The Commonwealth lays stress on the notion that different issues are involved in the sentencing and commitment determinations and notes that they were recognized in Commonwealth v. Barboza, 387 Mass. at 115, as being separate and distinct for double jeopardy purposes. That the two proceedings may serve different goals and be separate for some purposes, however, does not mean that a defendant may not benefit from having the two matters considered together or that legislation requiring that they be so considered does not create substantial rights.

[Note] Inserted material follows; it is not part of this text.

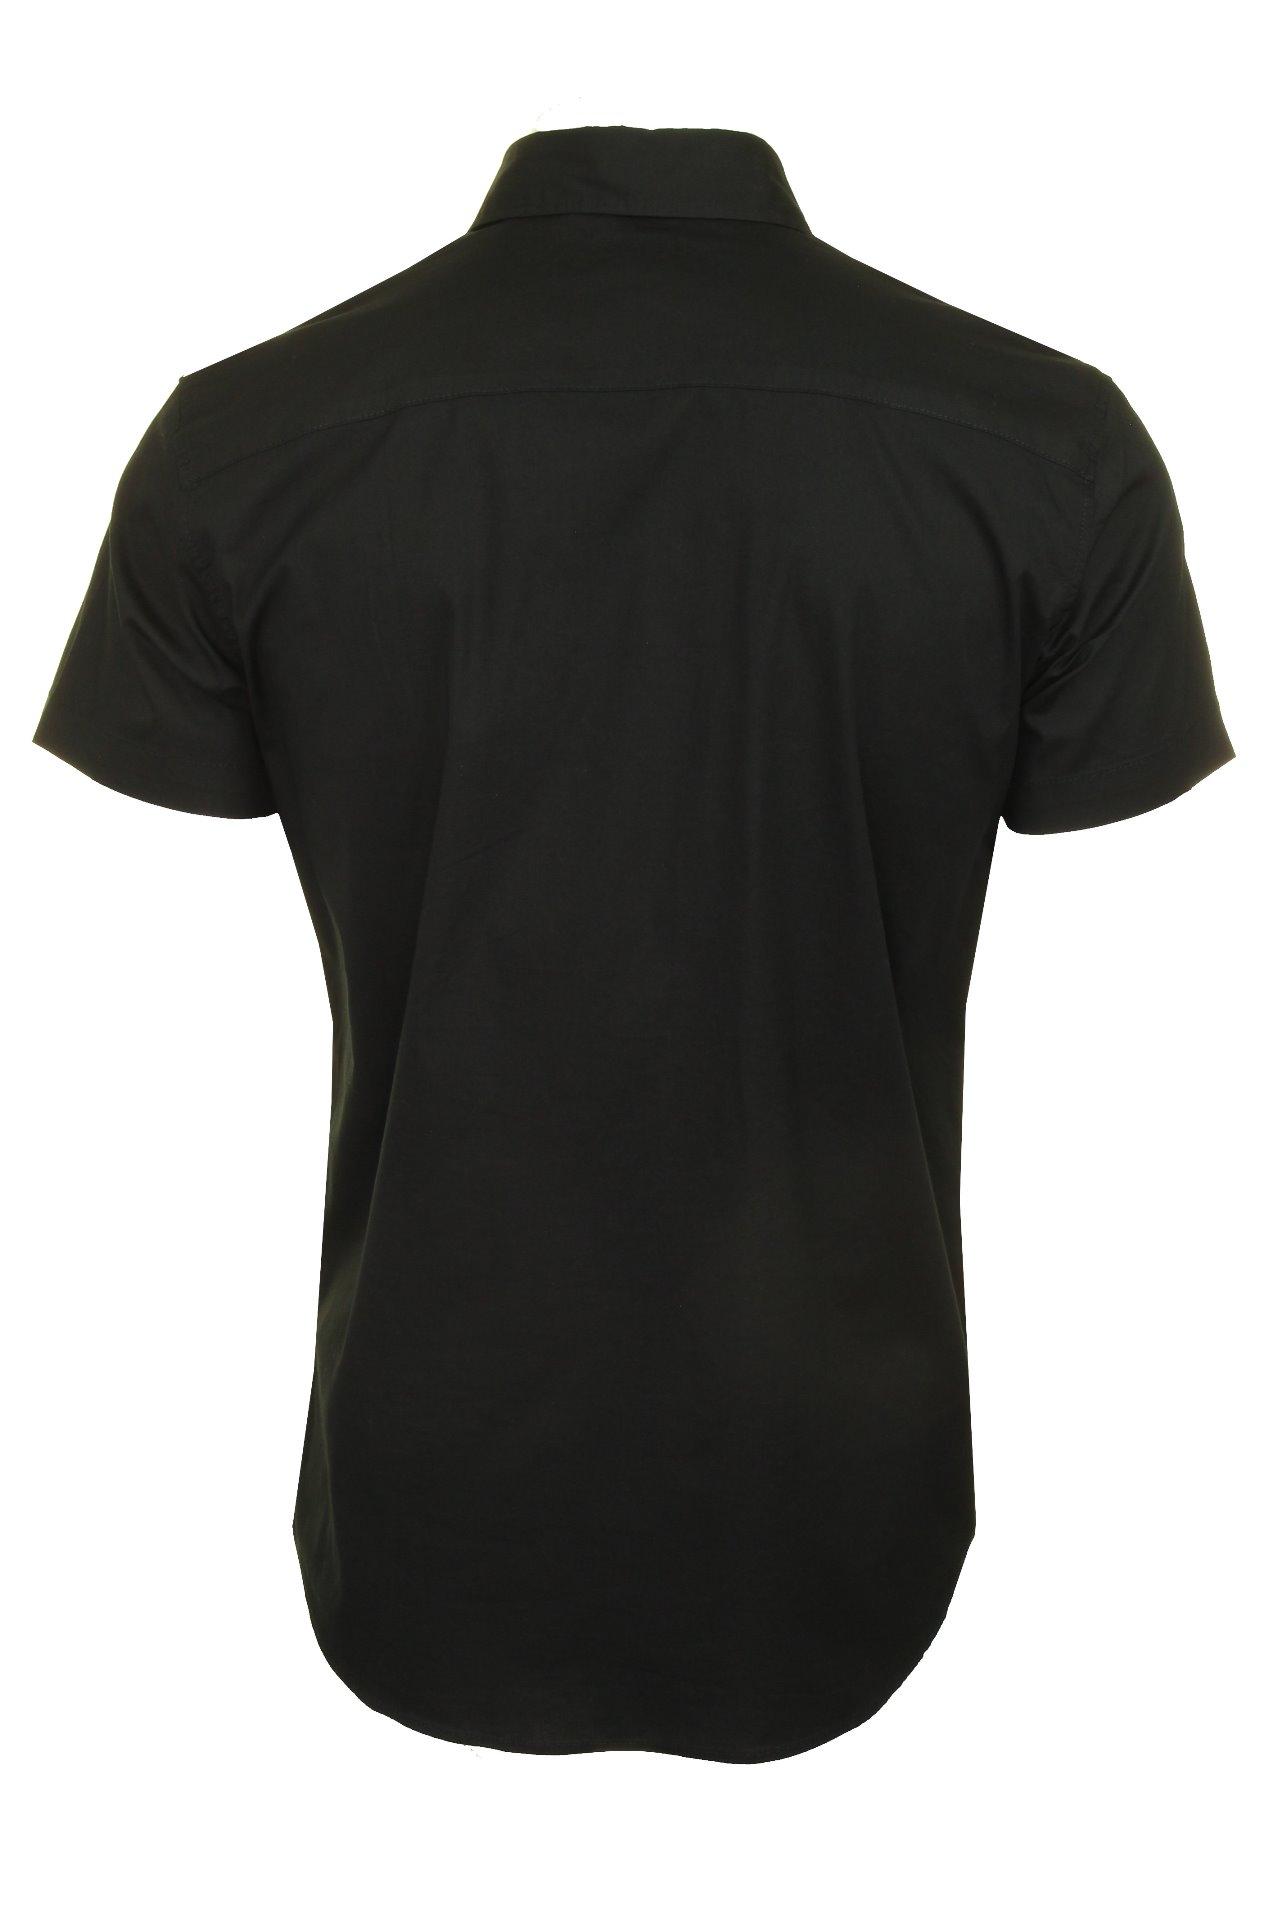 Jack-amp-Jones-Mens-039-Clint-039-Poplin-Shirt-Short-Sleeved thumbnail 5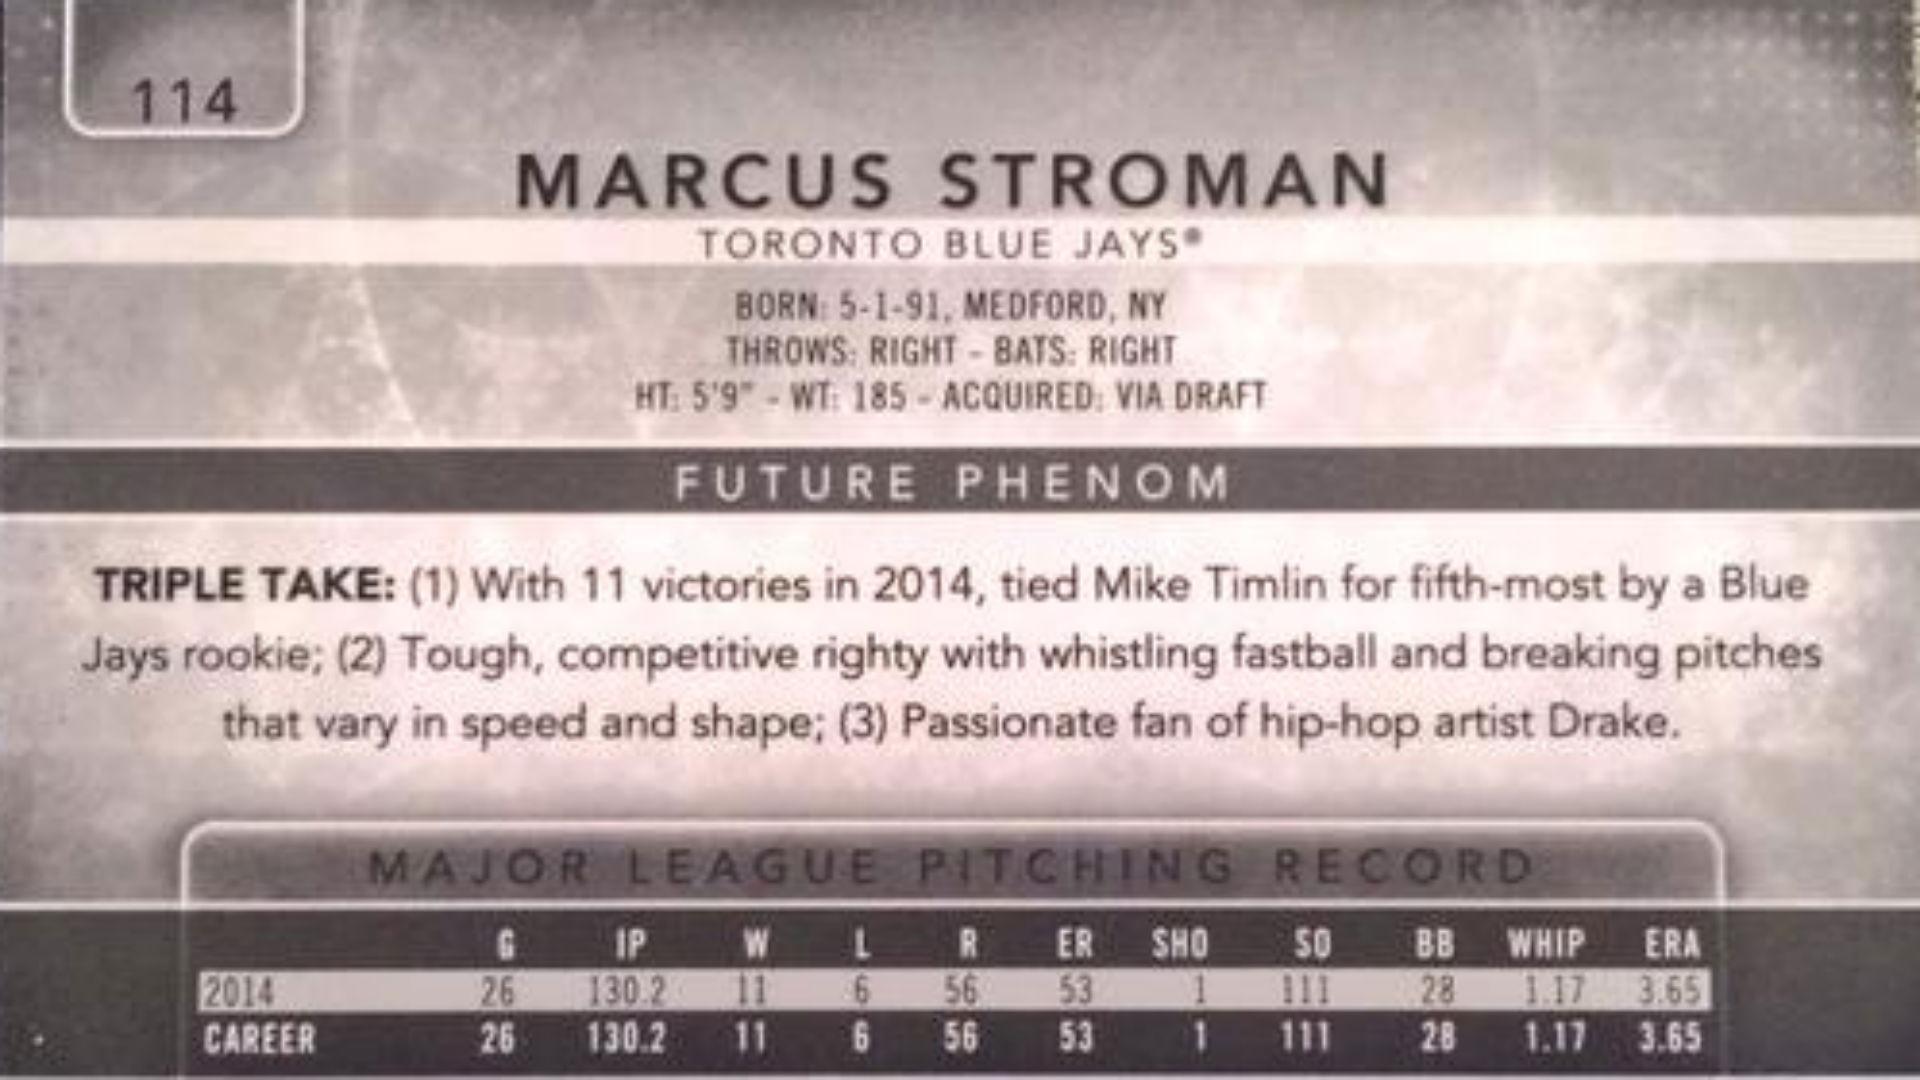 Marcus Stroman Drake Card FTR .jpg

We do not agree with Desroches that the appropriate remedy is for us to order that the commitment to the treatment center be vacated, leaving only the criminal sentence in place. The error was for the two matters to be considered separately. Thus, instead, we vacate both the sentence and the commitment and remand both matters to the second judge so that he may exercise his discretion on the related matters of the appropriate sentence for the sexual offense and whether Desroches should be committed to the treatment center as a sexually dangerous person. He may exercise that discretion without further hearing upon a review of the plea transcript and the evidence presented at the 1989 SDP hearing, or, if he chooses, he may permit the record of the SDP hearing to be supplemented by such additional evidence as either party may now wish to offer.
So ordered.
NOTES
[1] The second judge might, for example, have found Desroches not to have been a sexually dangerous person and imposed a period of probation, with or without a period of time to be served, with the receipt of therapy as a condition of the probation.